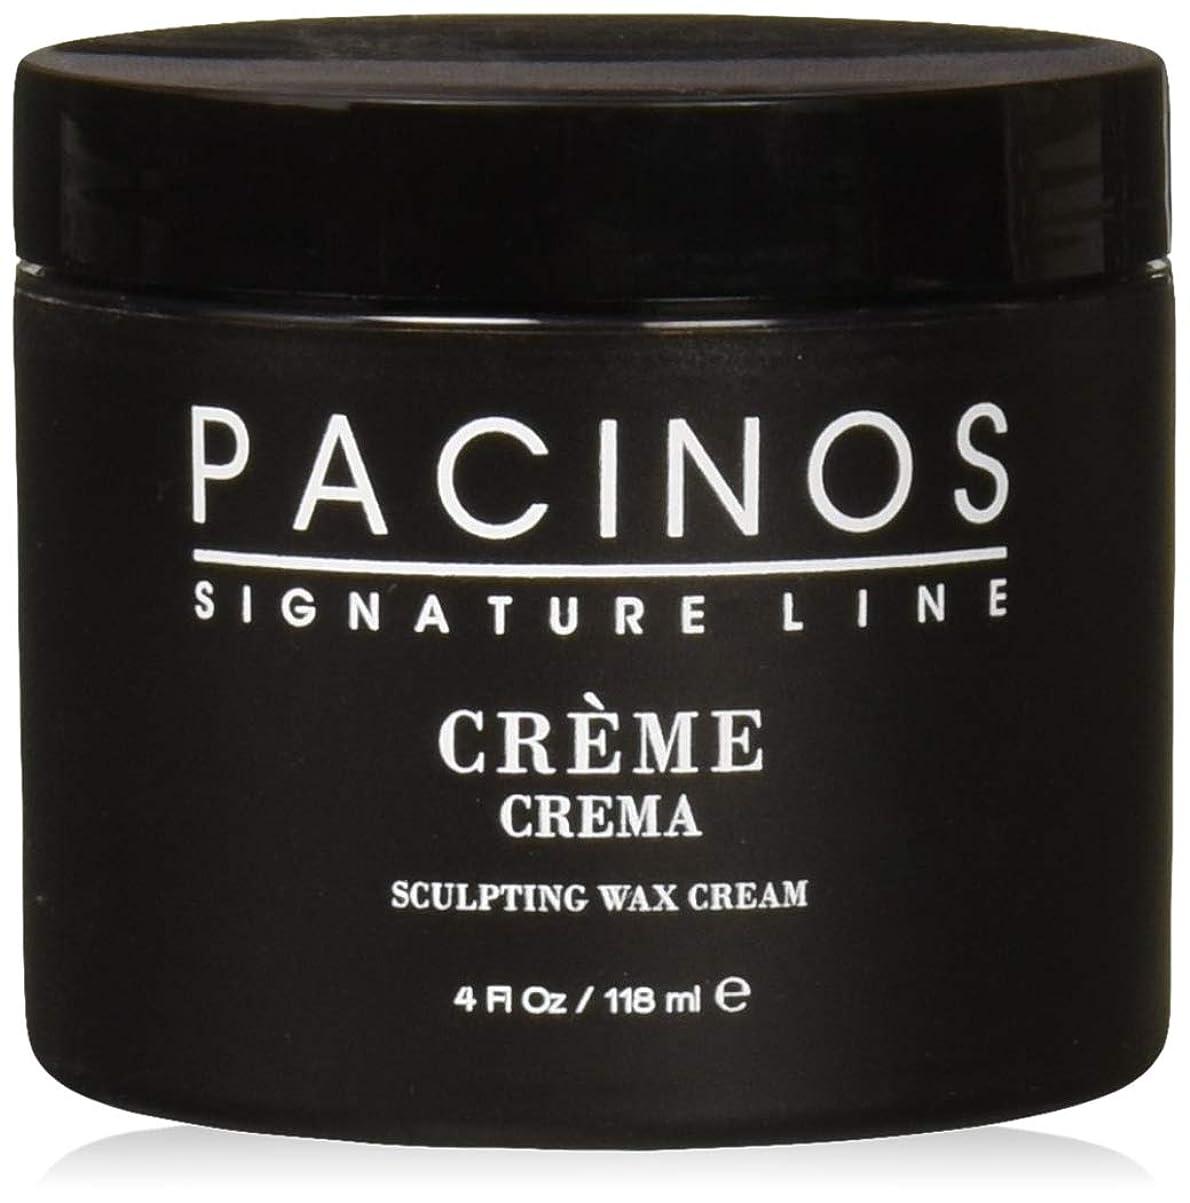 不純アカウント誇張Pacinos Grooming Elegance Creme, Sculpting Wax Cream 4oz by Pacinos [並行輸入品]
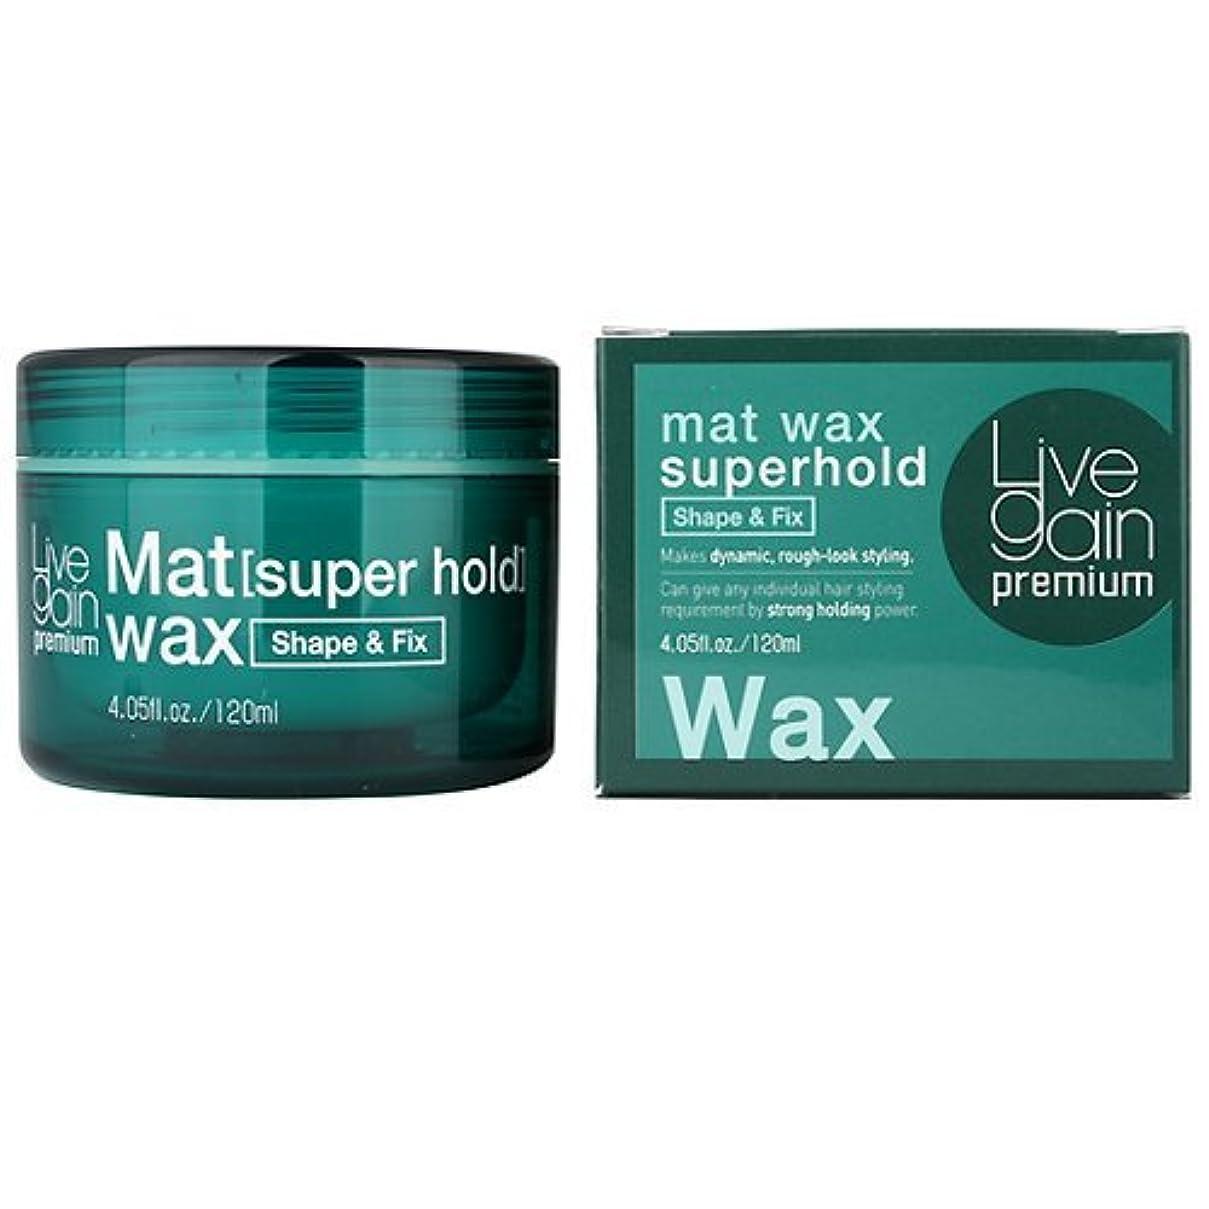 消毒剤巻き取りシエスタLivegain プレミアム マット ワックス スーパーホールド 120ml マット ヘア ワックス ストロング ホールド (Premium Mat Wax Superhold 120ml Matte Hair wax...
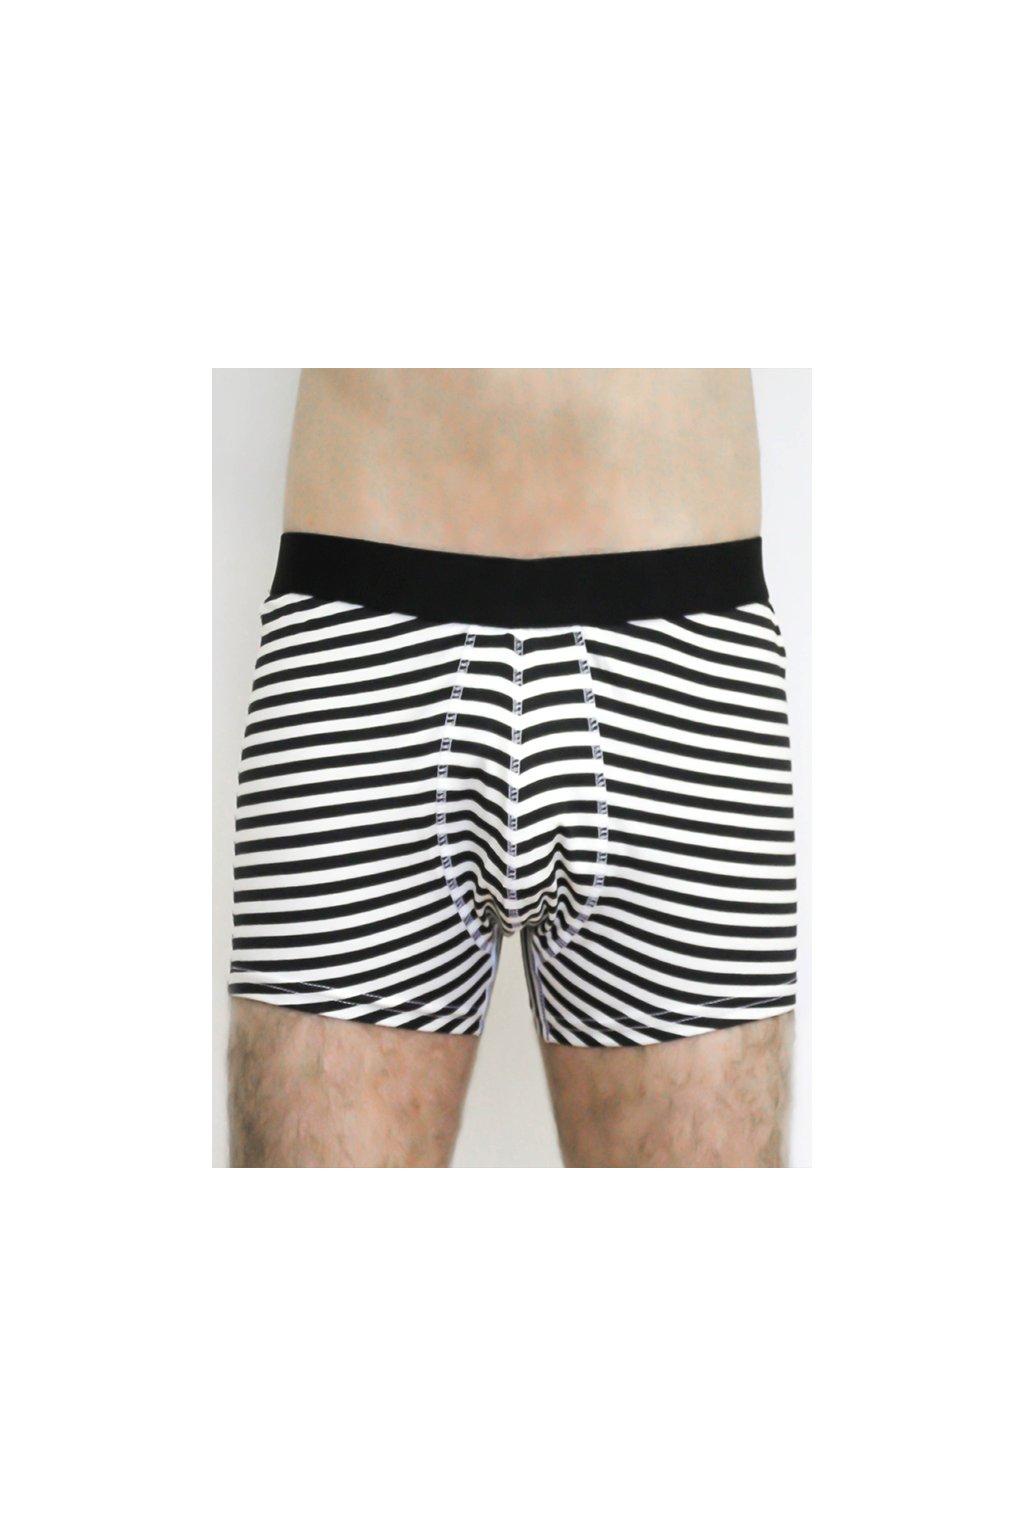 """Pánské proužkaté boxerky """"Trunk Shorts Stripes"""" (Velikost L)"""
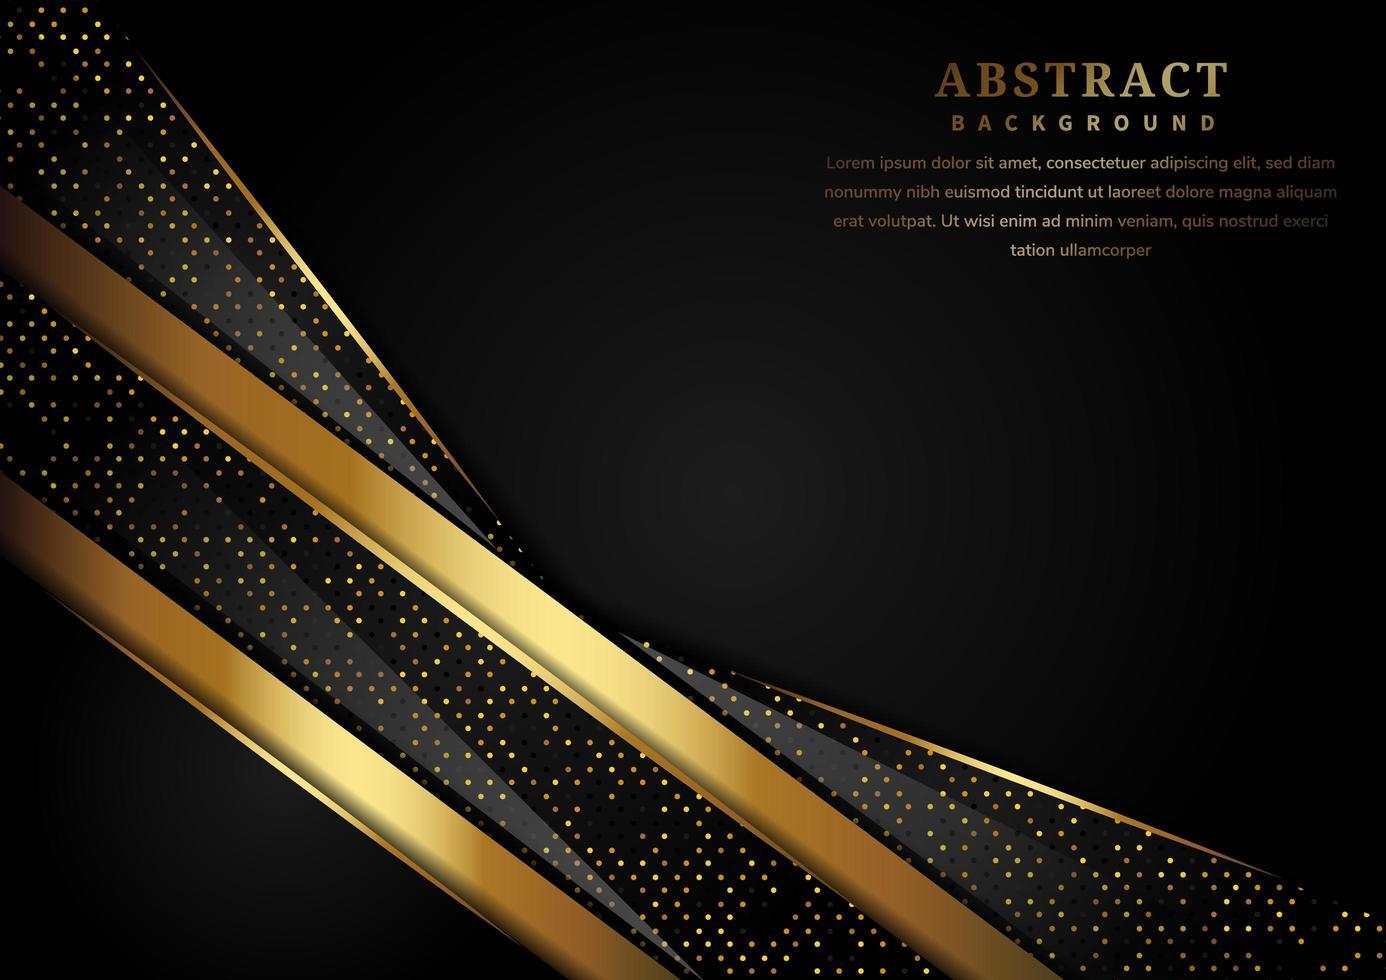 abstrakt lyx överlappande guld och svart glittrande lager bakgrund vektor
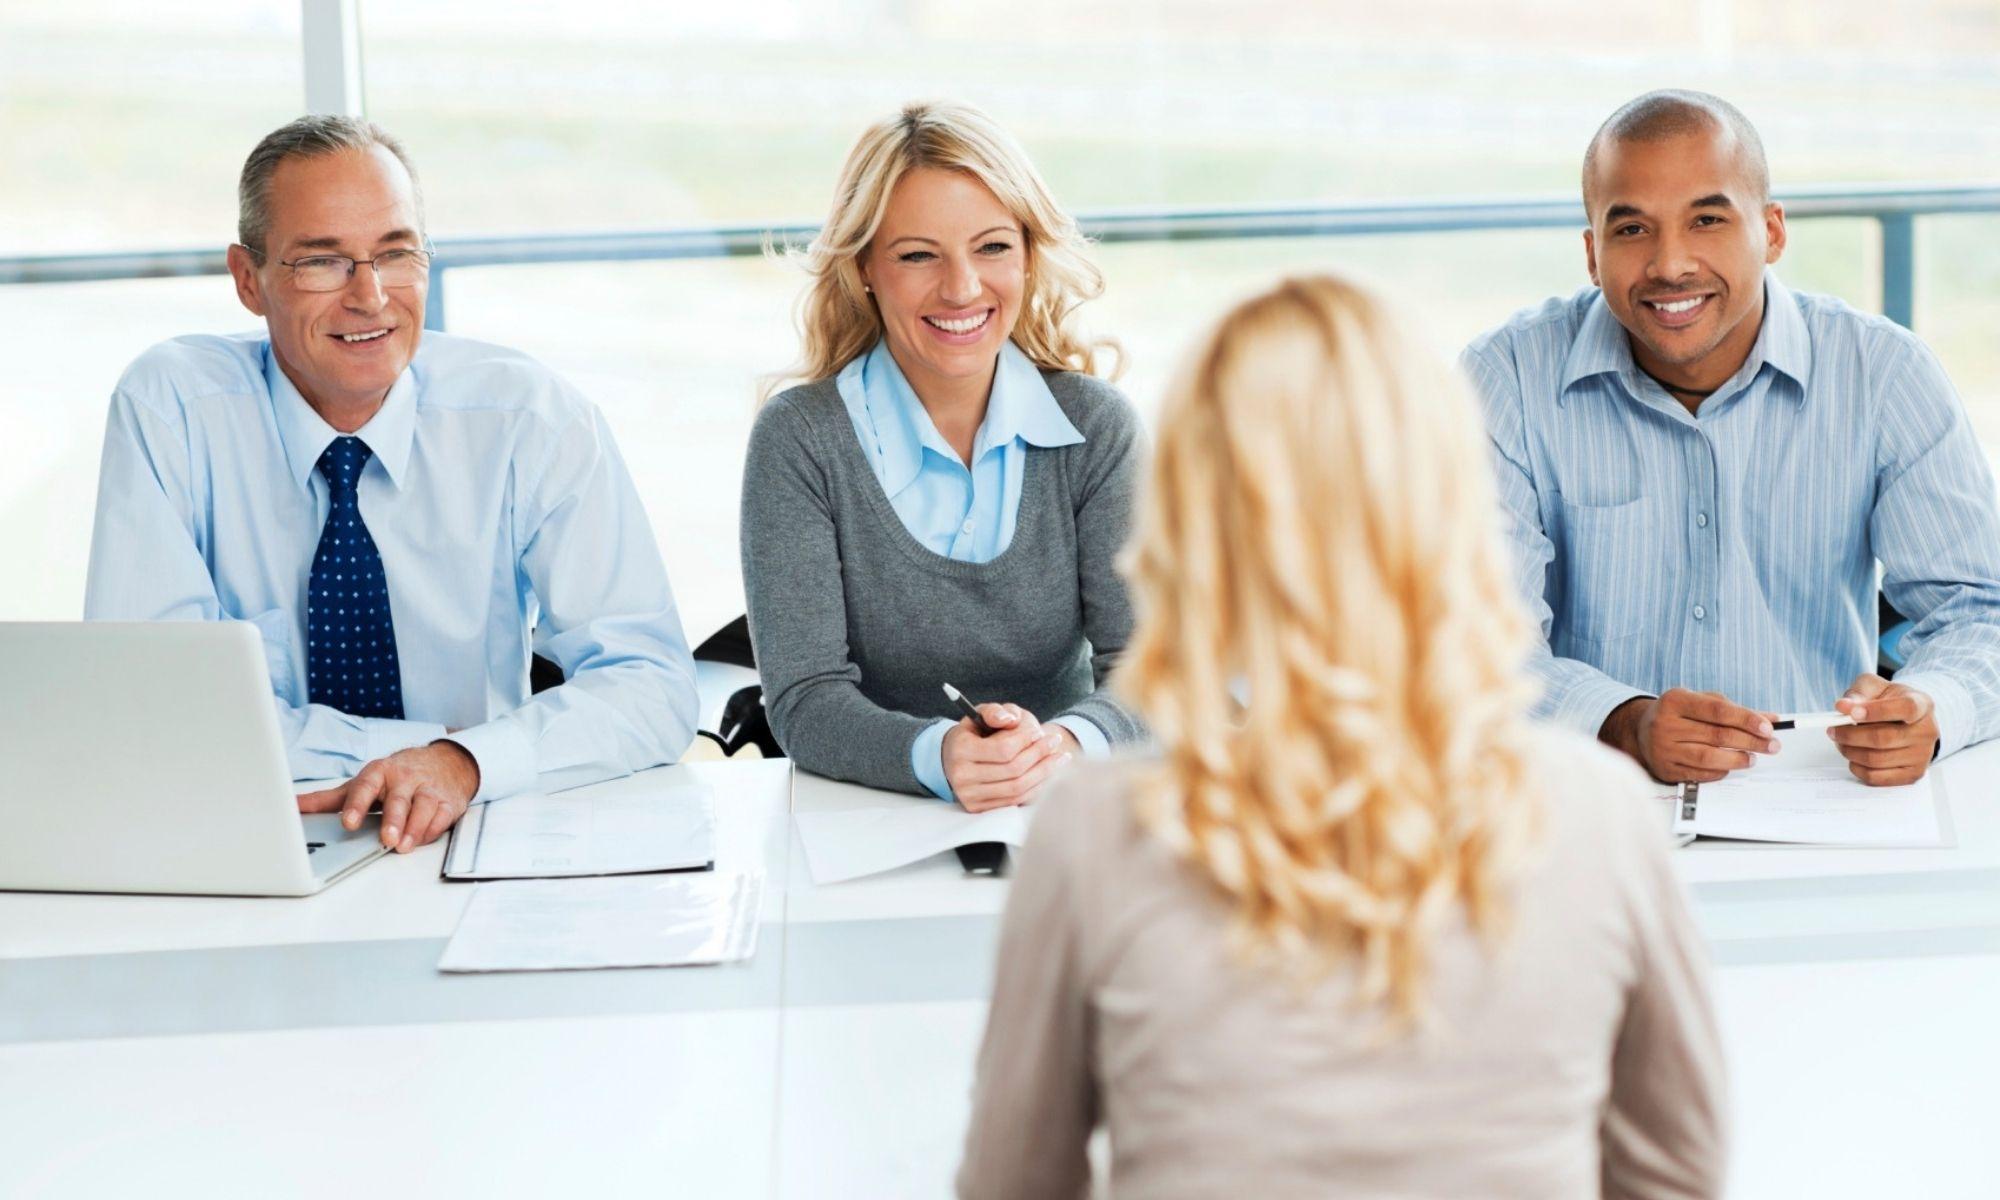 Пример собеседования при приеме на работу диалог, ответы на вопросы
○ ○ ○ ○ ○ ○ ○
## WHAT THE TASK REQUIRES
Please copy only the lines from the one that contains "消毒剤巻き取りシエスタLivegain プレミアム マット" through the last line of the records, exactly, and keep every picture out of the copy.

## OUTPUT FOR THIS EXERCISE
 消毒剤巻き取りシエスタLivegain プレミアム マット ワックス スーパーホールド 120ml マット ヘア ワックス ストロング ホールド (Premium Mat Wax Superhold 120ml Matte Hair wax...
 """Pánské proužkaté boxerky """"Trunk Shorts Stripes"""" (Velikost L)"""
 abstrakt lyx överlappande guld och svart glittrande lager bakgrund vektor
 Пример собеседования при приеме на работу диалог, ответы на вопросы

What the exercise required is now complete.